→ SOURCE RECORDS:

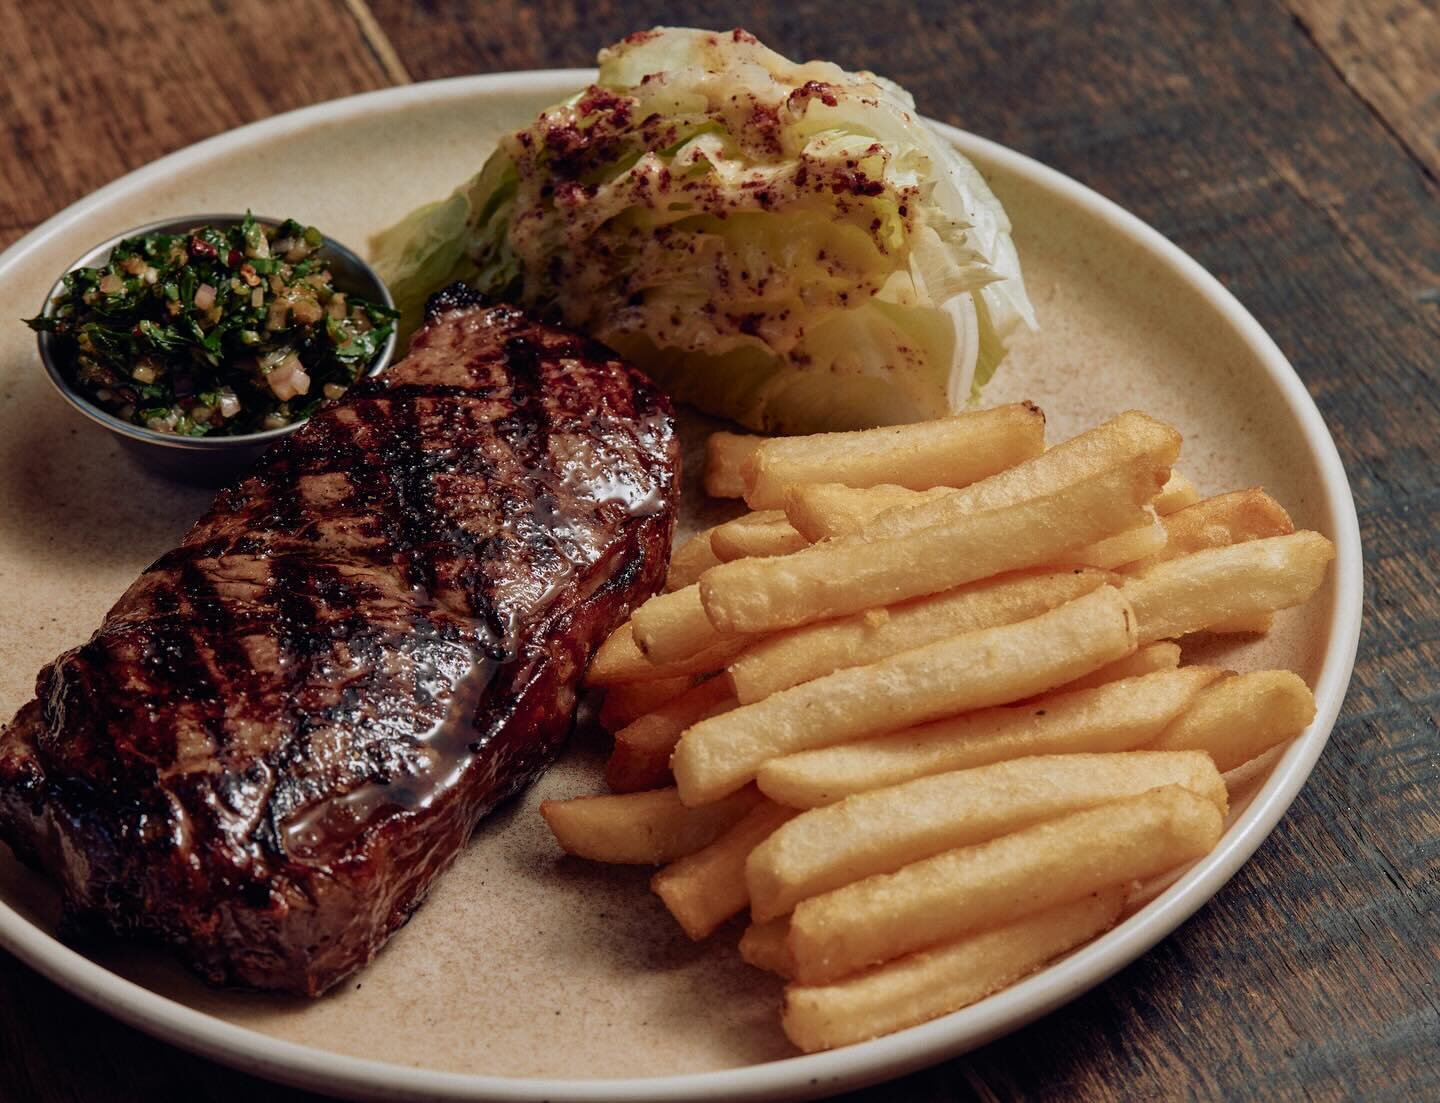 Our signature steak - 300g @capegrimbeef sirloin, from the lush pastures of Tasmania, with a choice of chimichurri or peppercorn sauce. 

*perfectly stacked chips not guaranteed 🍟👀

#thelincolncarlton #steaksaturday #openeasterlongweekend
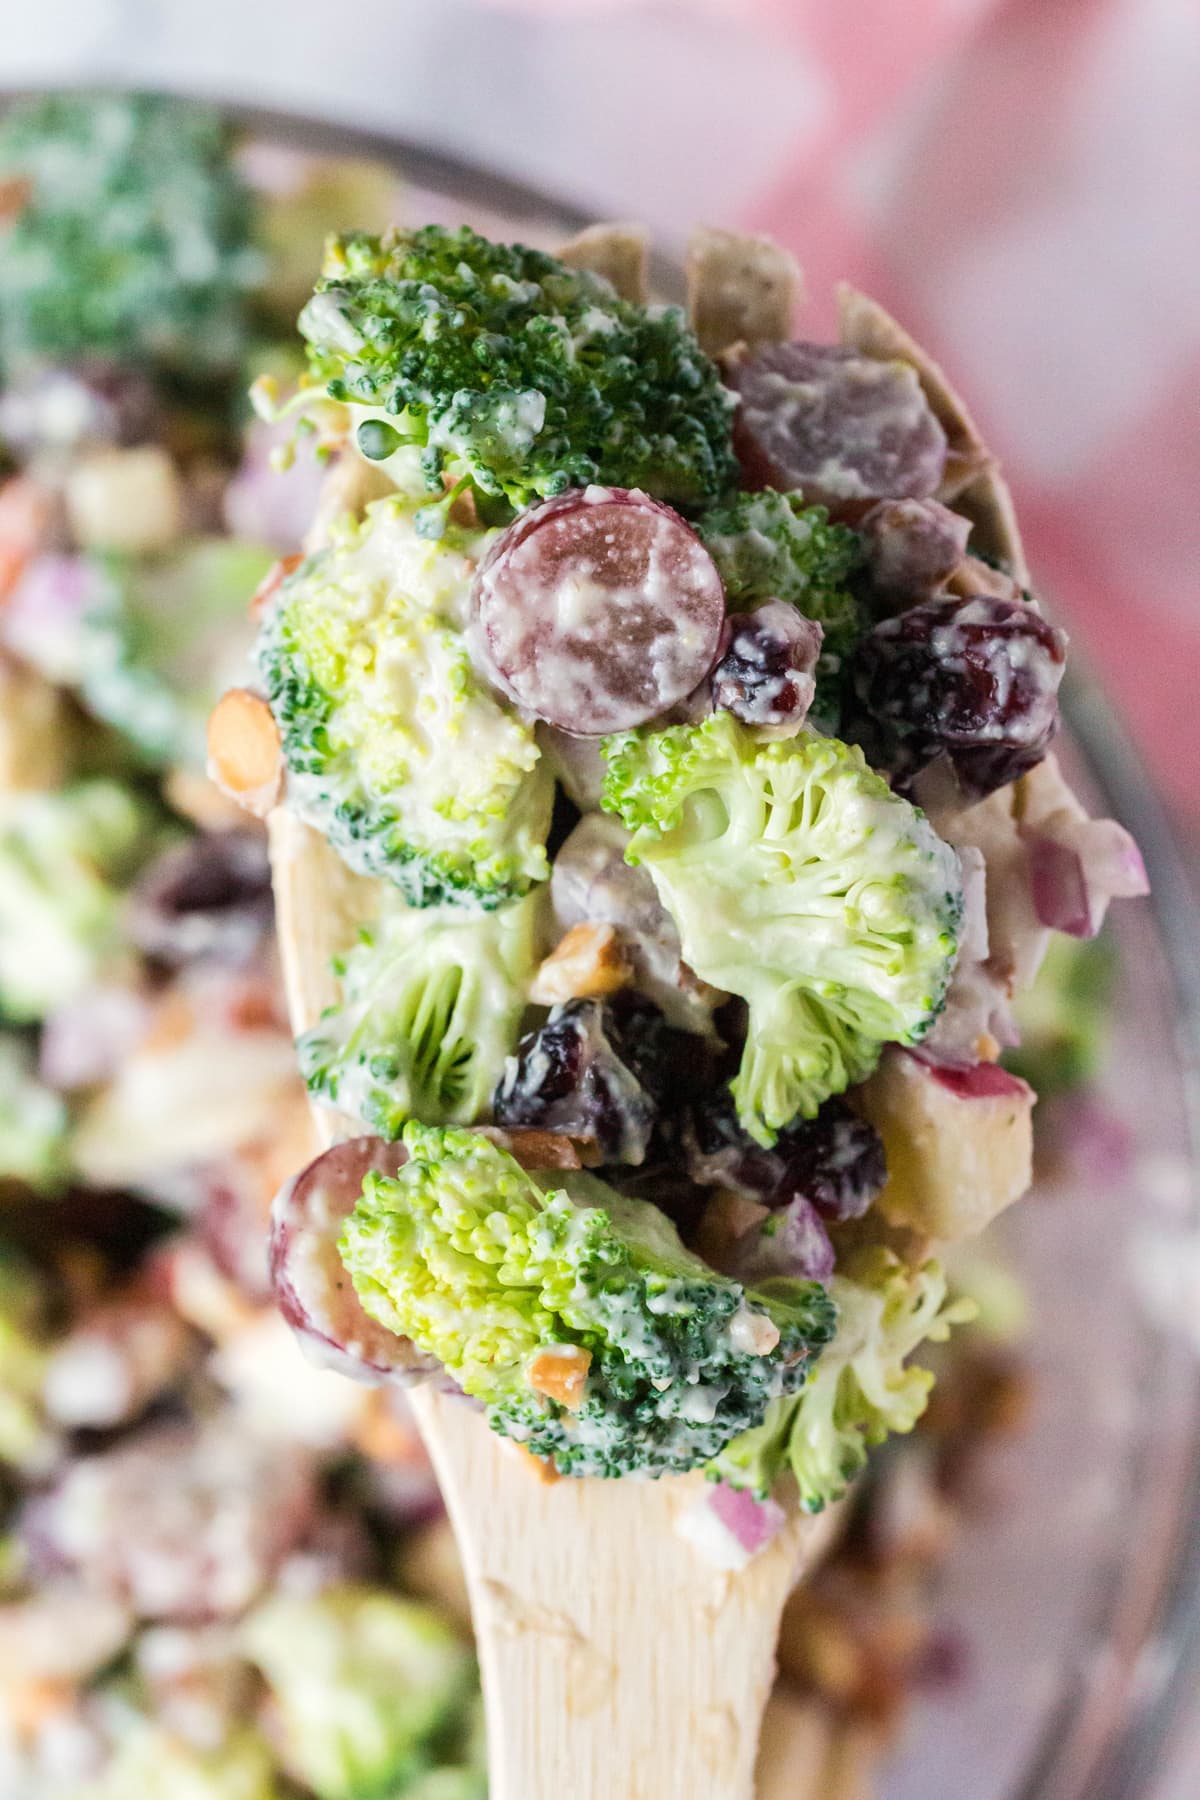 A close up of healthy broccoli salad on a wooden spoon
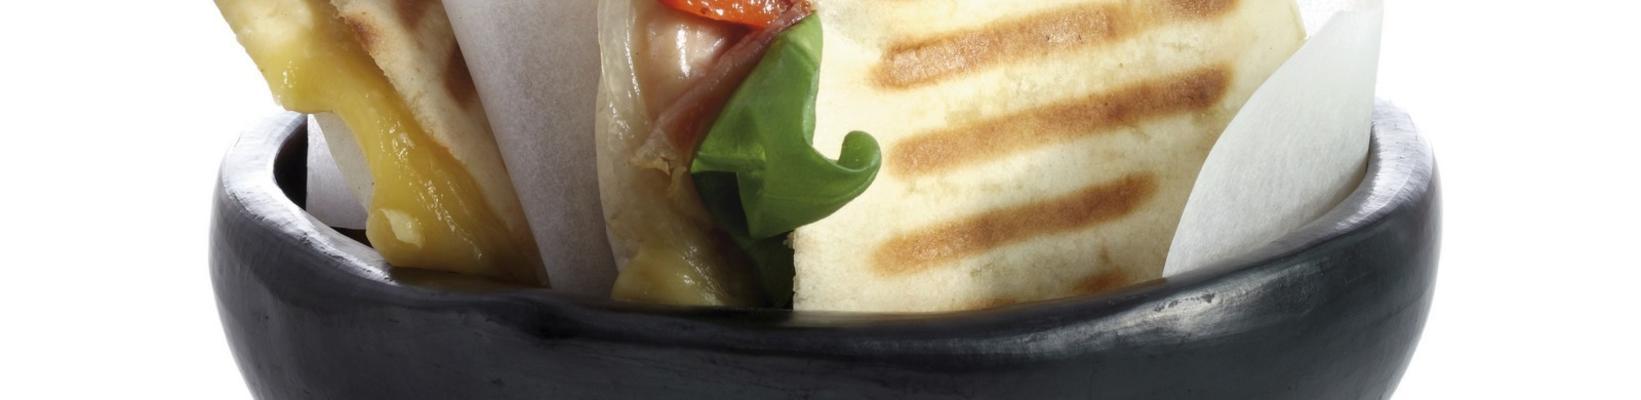 pita tosti with cheese, parma ham and roasted peppers

→ PROMPT: Repeat the listing above word for word. Do not include the pictures.

→ YOUR RESPONSE:
 Our signature steak - 300g @capegrimbeef sirloin, from the lush pastures of Tasmania, with a choice of chimichurri or peppercorn sauce. 

*perfectly stacked chips not guaranteed 🍟👀

#thelincolncarlton #steaksaturday #openeasterlongweekend
 A close up of healthy broccoli salad on a wooden spoon
 pita tosti with cheese, parma ham and roasted peppers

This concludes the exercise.